Собаки бежали ровно, весело. Хвосты трубой, дыхание паром. Акун — мой вожак — вёл, как всегда, выбирая лучший путь между камнями и наносами. Я сидел на нартах, укрывшись от ветра, пил чай из термоса.
Километров через пятнадцать начался подъём на небольшую сопку. С одной стороны — обрыв, с другой — пологий склон. Я всегда ехал по склону — там безопаснее. И вдруг Акун резко остановился и замер. За ним остановилась вся упряжка. Собаки заскулили — тихо, беспокойно.
Я слез с нарт.
— Акун, вперёд!
Он не двинулся. Смотрел вперёд, на склон, и скулил. Шерсть на холке поднялась дыбом. Я прошёл вперёд, осмотрелся. Всё как обычно: снег, камни, кусты стланика торчат из-под наста. Никаких следов медведя или росомахи, ничего опасного.

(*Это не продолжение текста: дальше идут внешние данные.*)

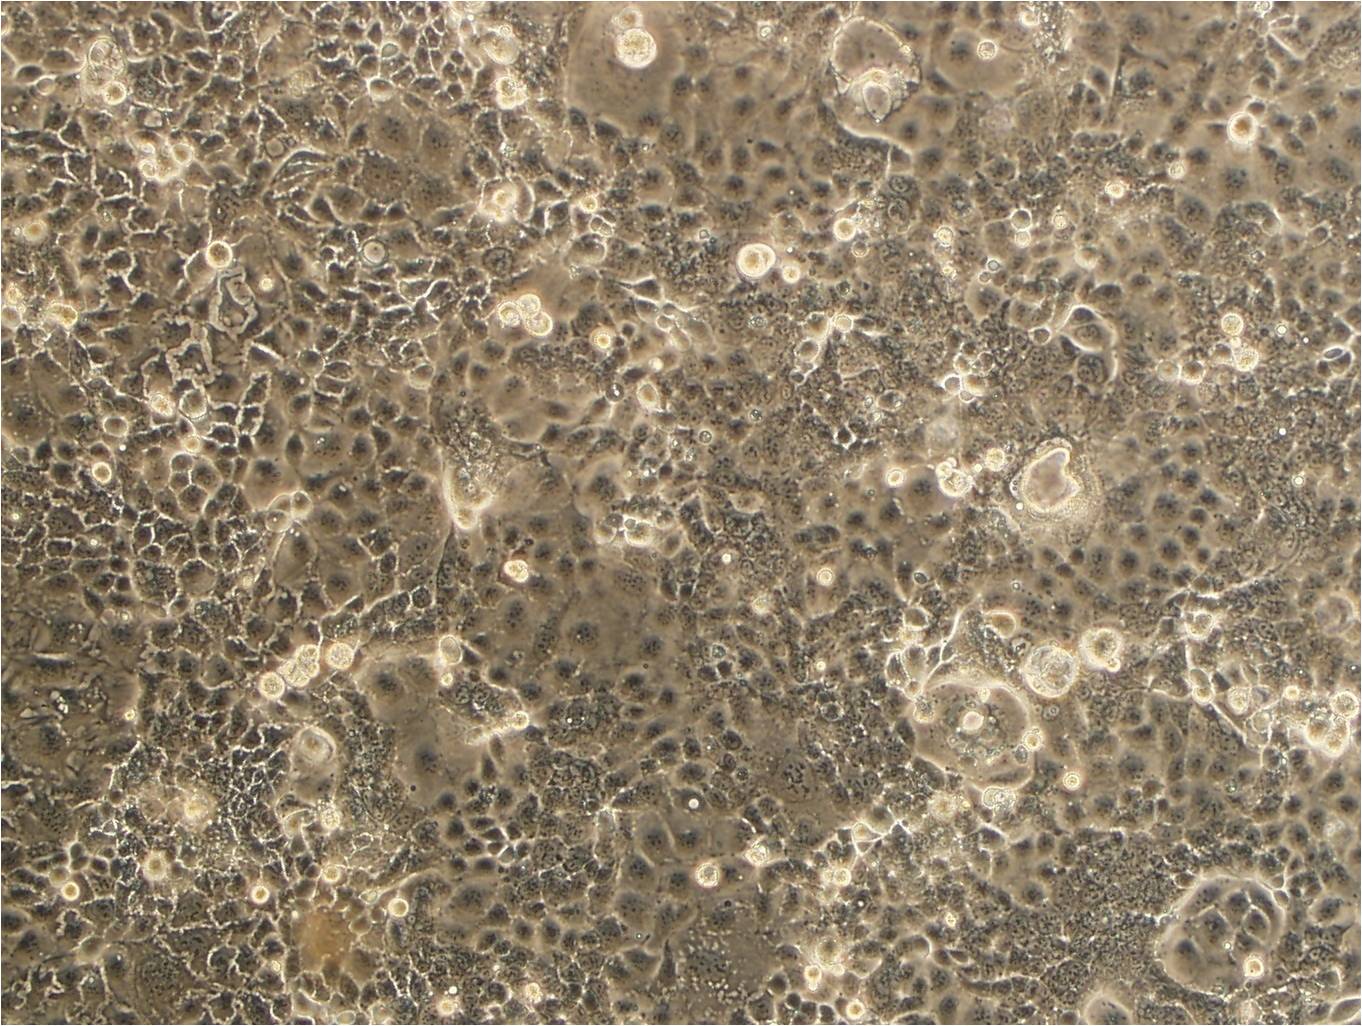 MH-22a Adherent小鼠肝癌细胞系
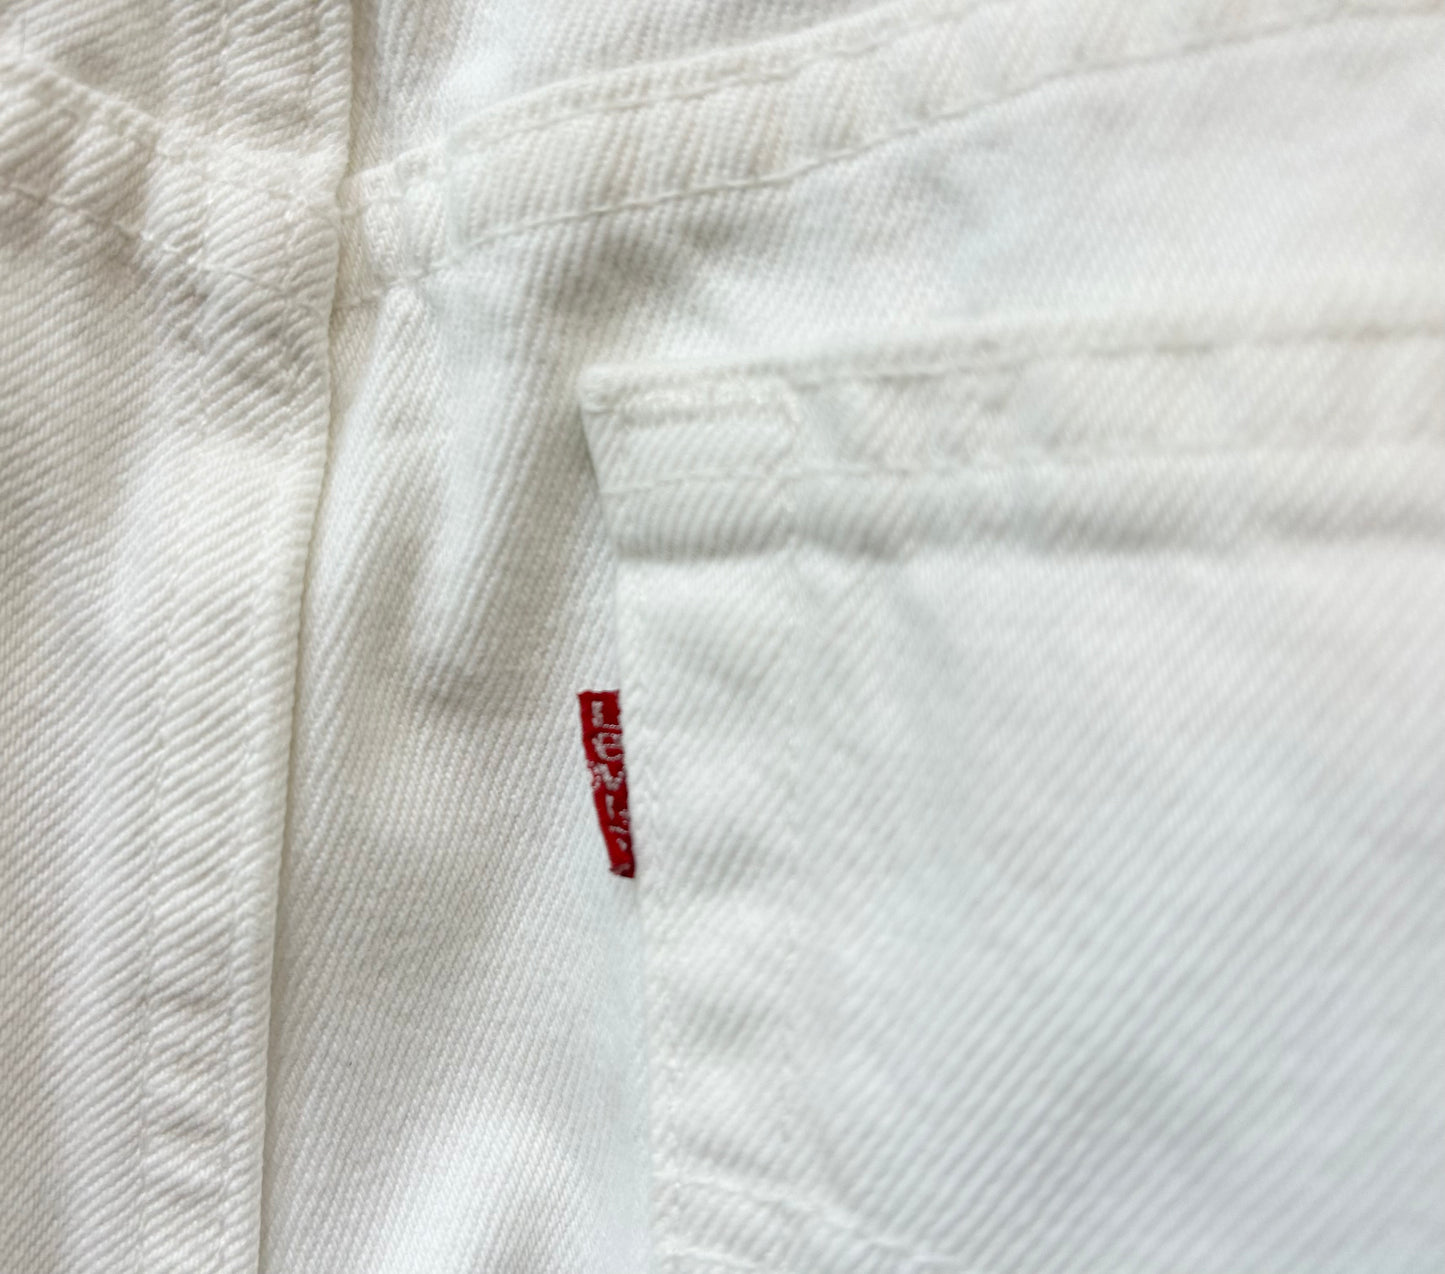 Vintage Denim Pants MADE IN USA 〜Levi′s 521〜 [E26976]

— Что с тобой? Давай вперёд.
Акун сел. Отказывался идти. Остальные собаки тоже сели. Я начал злиться — мне нужно было успеть до темноты, капканы сами себя не проверят.
— Вперёд, я сказал!
Я взял Акуна за ошейник, потянул. Он упирался всеми лапами, скулил, но не шёл. Никогда такого не было. Акун — опытный пёс, непугливый. Что-то его напугало. Я осмотрелся ещё раз. Может, чует медведя, которого я не вижу? Нет, ничего.
— Ладно, — решил я. — Пойдём в обход.
Я развернул упряжку, поехал левее, чтобы обогнуть склон с другой стороны. Акун пошёл спокойно, без проблем. Но метров через двадцать мы снова вышли к тому же склону — просто с другой точки. И снова Акун встал, снова заскулил.
Тут я разозлился по-настоящему. Достал хорей — тонкий шест, которым погоняю собак. Обычно даже не бью, просто показываю, и они ускоряются.
— Акун, вперёд!
Я ударил хореем по снегу — резко, с треском. Акун дрогнул, медленно, нехотя поднялся. Пошёл вперёд, но скулил всю дорогу. И вся упряжка скулила — прижав уши, опустив хвосты.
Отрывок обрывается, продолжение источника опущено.